There is also a three-tier ICF classification system in place for single va'a events (VL1, VL2, VL3).

===Competition format===

All international Para canoe competitions are held over 200 metres in single kayak or va'a boats.

It is contested at World Championships, World Cups and continental championships. As of November 2021, ten of the twelve events (all six kayak events, both VL2 and VL3 events) are also on the Paralympic programme.

===ICF World Championships===

At the 2009 ICF Canoe Sprint World Championships in Dartmouth, four 'paddability' races featured as non-medal exhibition events, including two male-female mixed disciplines in kayak doubles and in doubles canoe ('aka' Canadian or kneeling canoeing).

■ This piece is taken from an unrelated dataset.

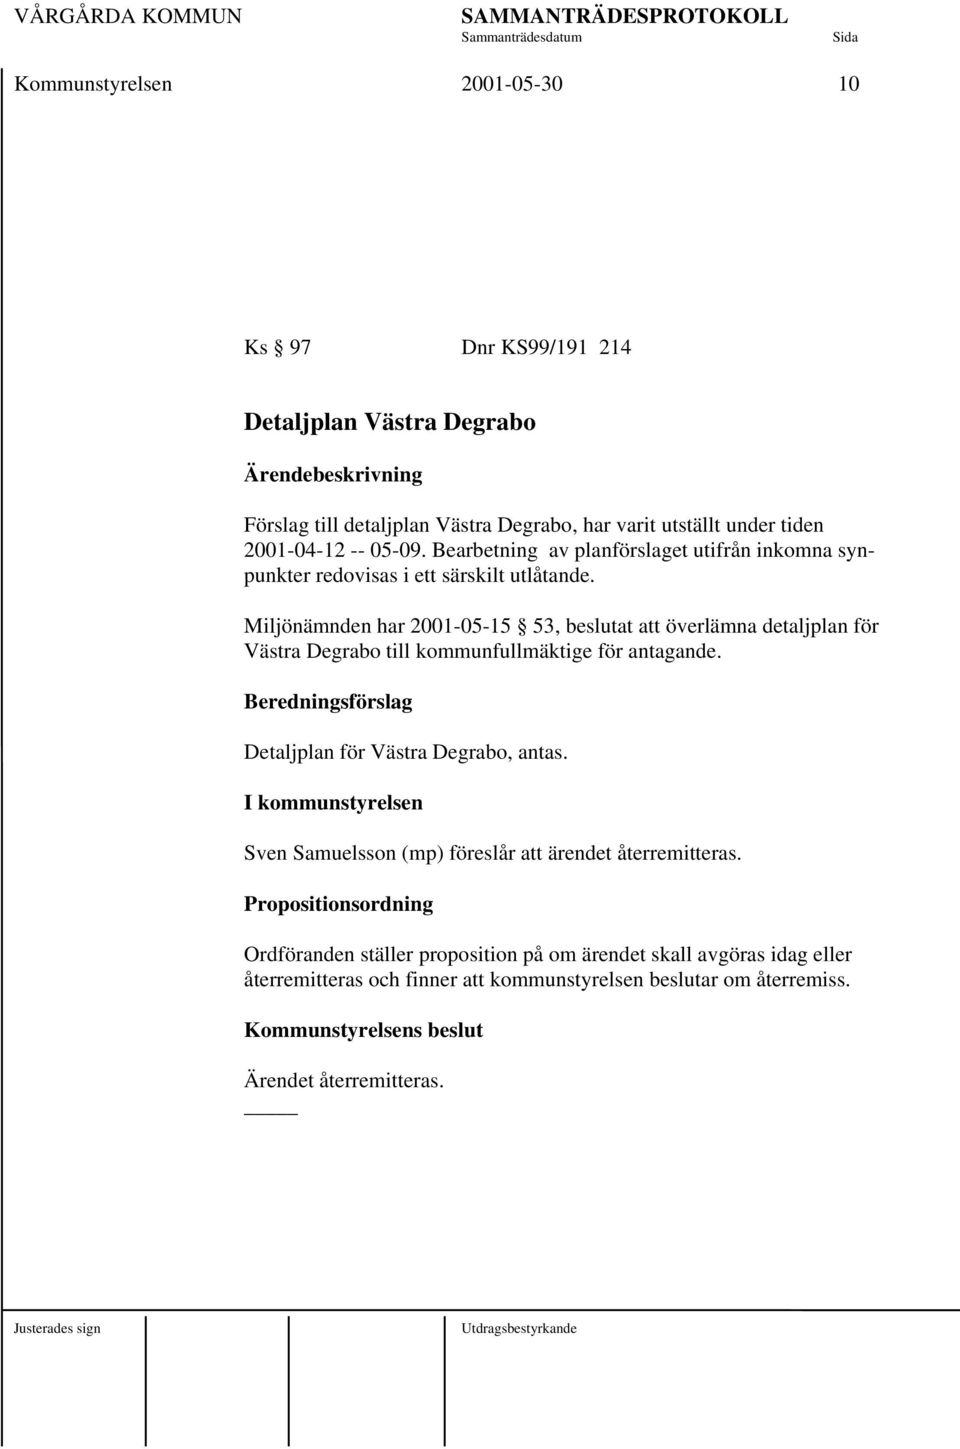 Miljönämnden har 2001-05-15 53, beslutat att överlämna detaljplan för Västra Degrabo till kommunfullmäktige för antagande. Beredningsförslag Detaljplan för Västra Degrabo, antas.

The sport made its official ICF Canoe Sprint World Championships debut in 2010 and has generally been contested every year since, either within said championships or (in Paralympic years) at the standalone ICF Paracanoe World Championships. The sport will make its marathon distance debut at the 2025 ICF Canoe Marathon World Championships.

==IVF Para canoe==

In IVF competition, a points system is used with a higher number assigned to less impaired paddlers and lower points for more severe impairment.

In team events the total number of points of a boat crew are limited; 26 points in 6-person boats and 52 for 12-person boats. In single-seat boats competition take place in three divisions; division 1 for 5 or 6-point paddlers, division 2 for 4-point paddlers and division 3 is for 2 or 3-point paddlers. 1-point paddlers do not participate in singles races. The three divisions approximately correspond to the three ICF va'a classes.